INFORMATION SUPPLIED =>
--------------------

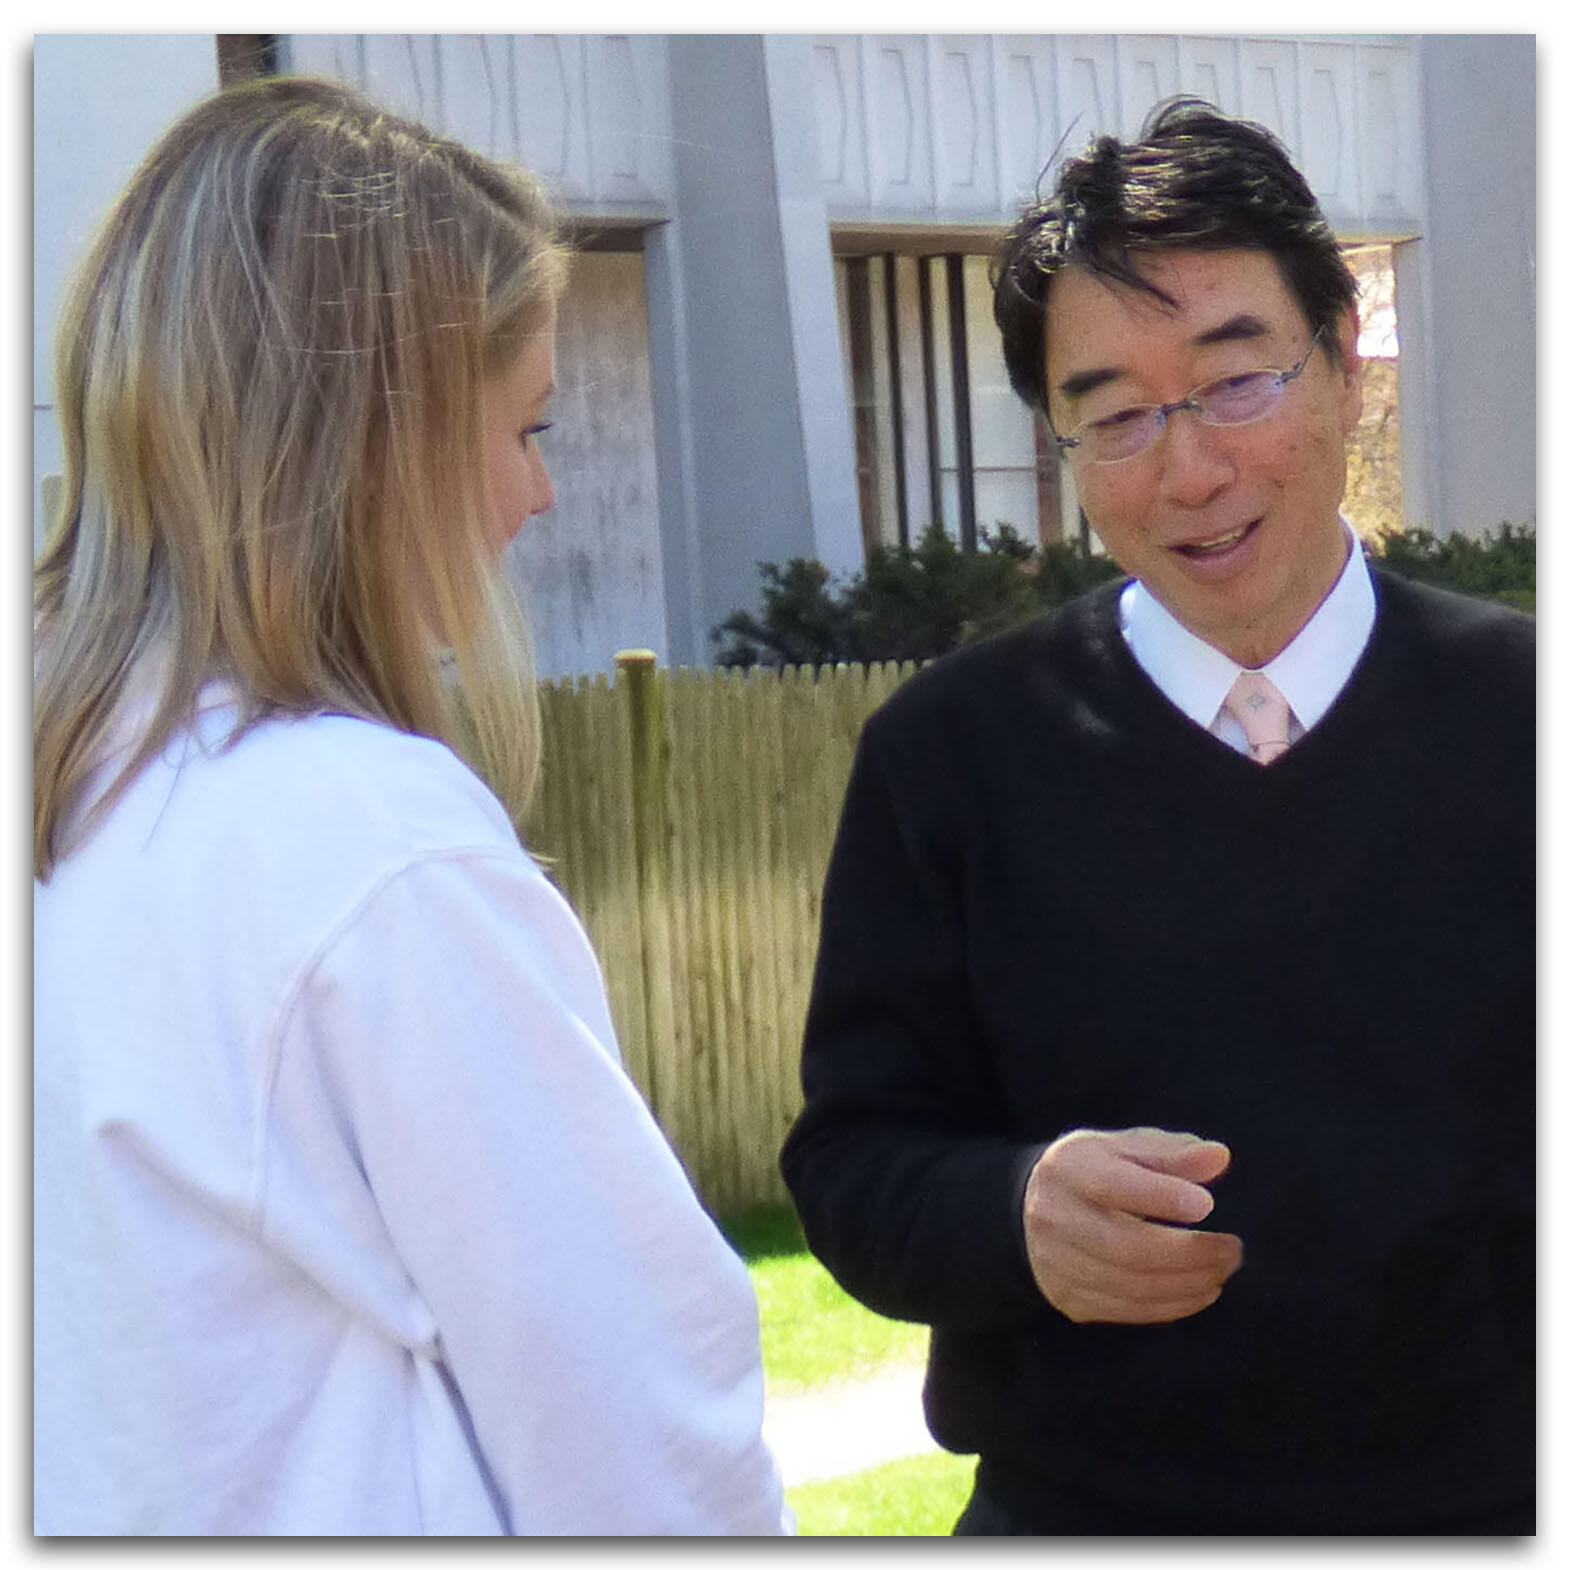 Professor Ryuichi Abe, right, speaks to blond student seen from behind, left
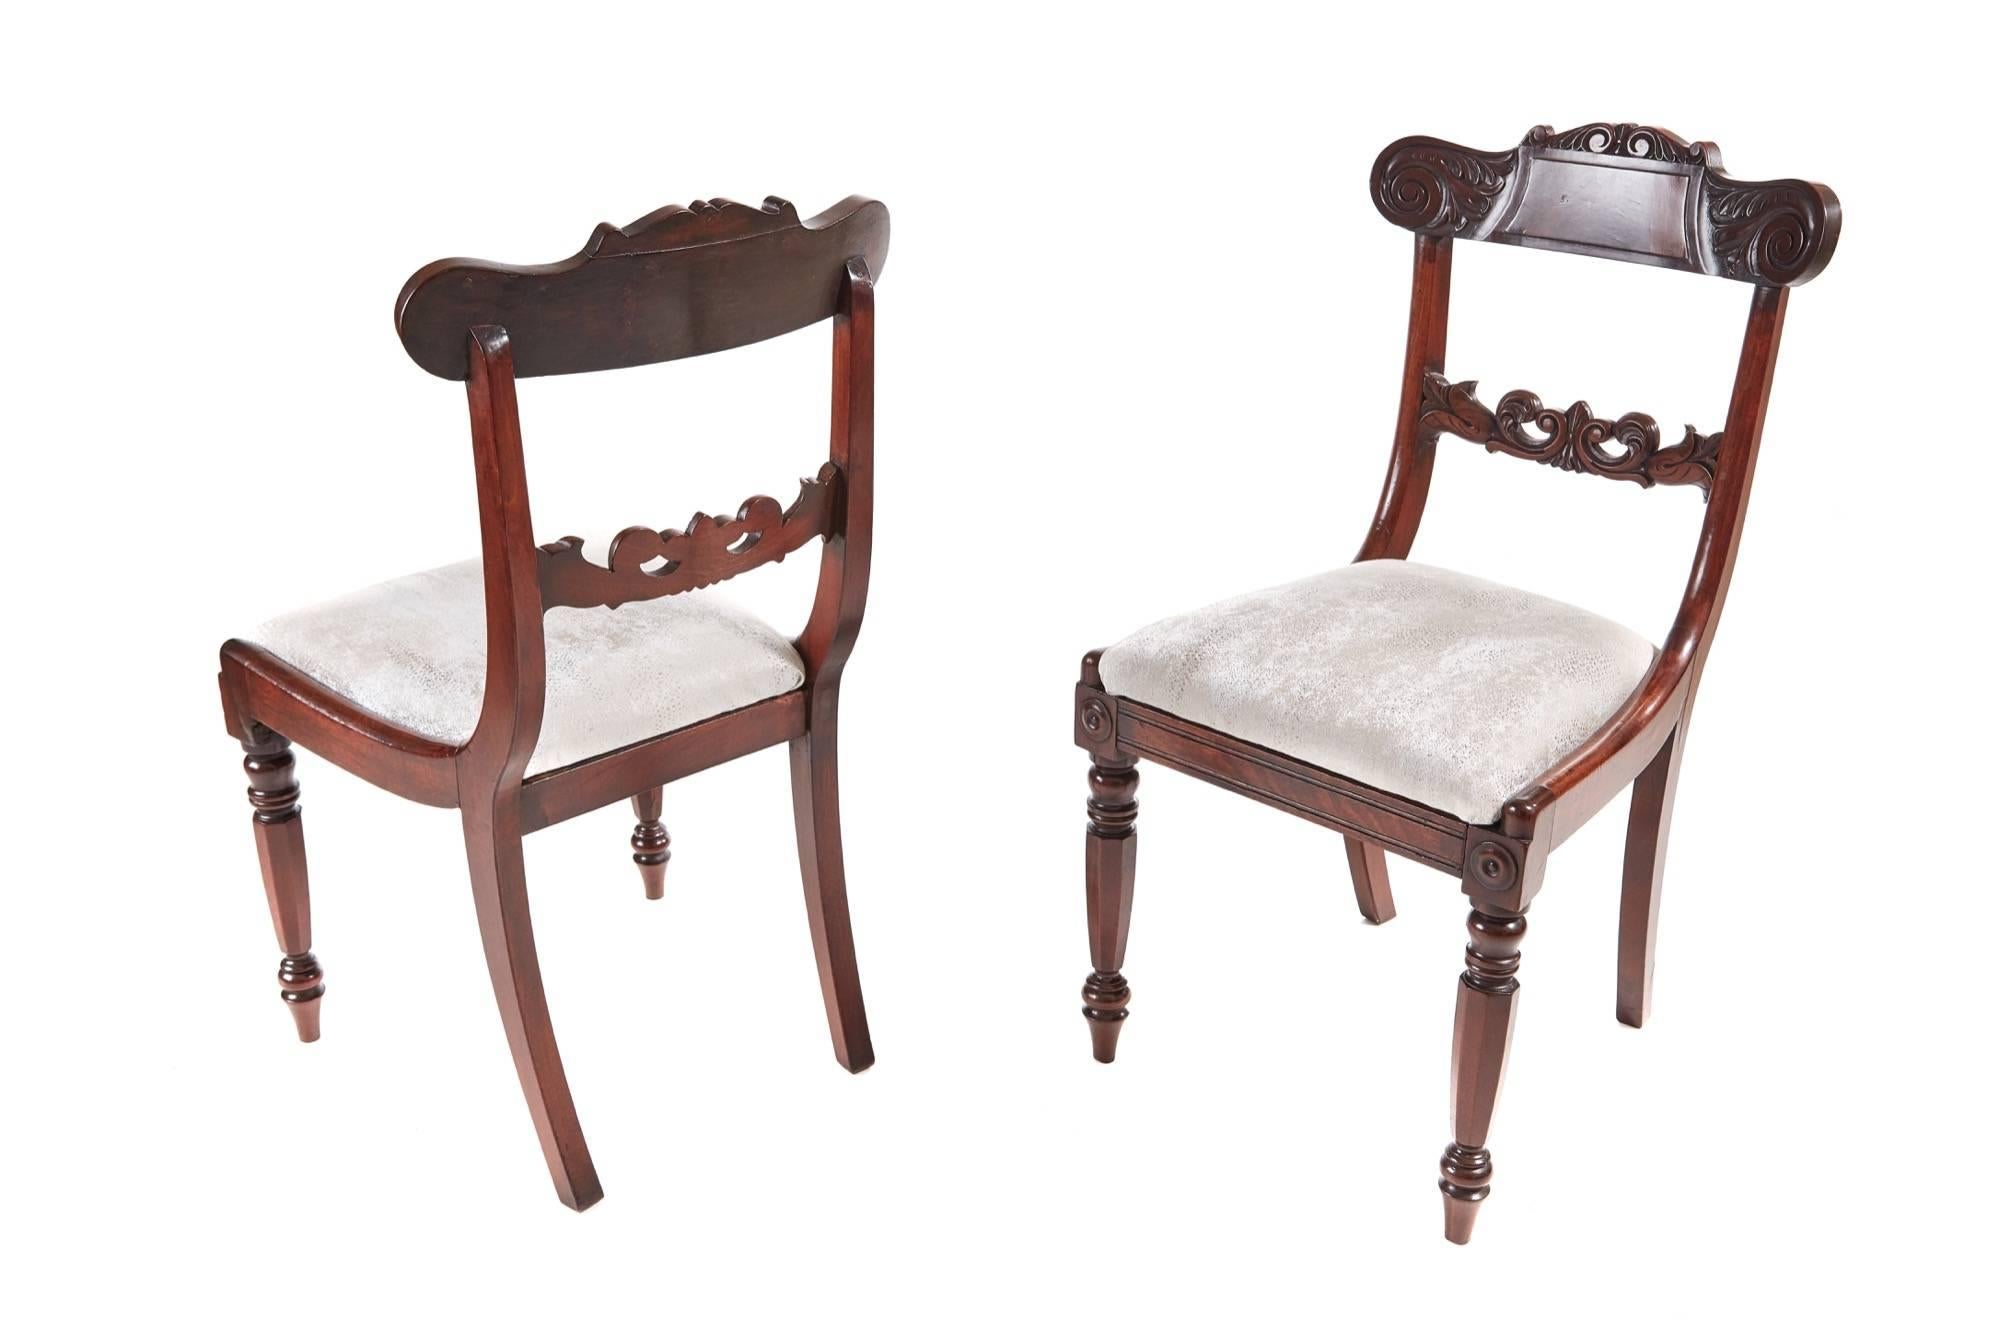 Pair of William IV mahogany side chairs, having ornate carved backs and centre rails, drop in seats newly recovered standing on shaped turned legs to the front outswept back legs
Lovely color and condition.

--------------------

GOAL OF THE EXERCISE => Write out the data precisely as given, excluding the pictures.

REPLY TO THE TASK =>
 Professor Ryuichi Abe, right, speaks to blond student seen from behind, left
 Pair of William IV mahogany side chairs, having ornate carved backs and centre rails, drop in seats newly recovered standing on shaped turned legs to the front outswept back legs
Lovely color and condition.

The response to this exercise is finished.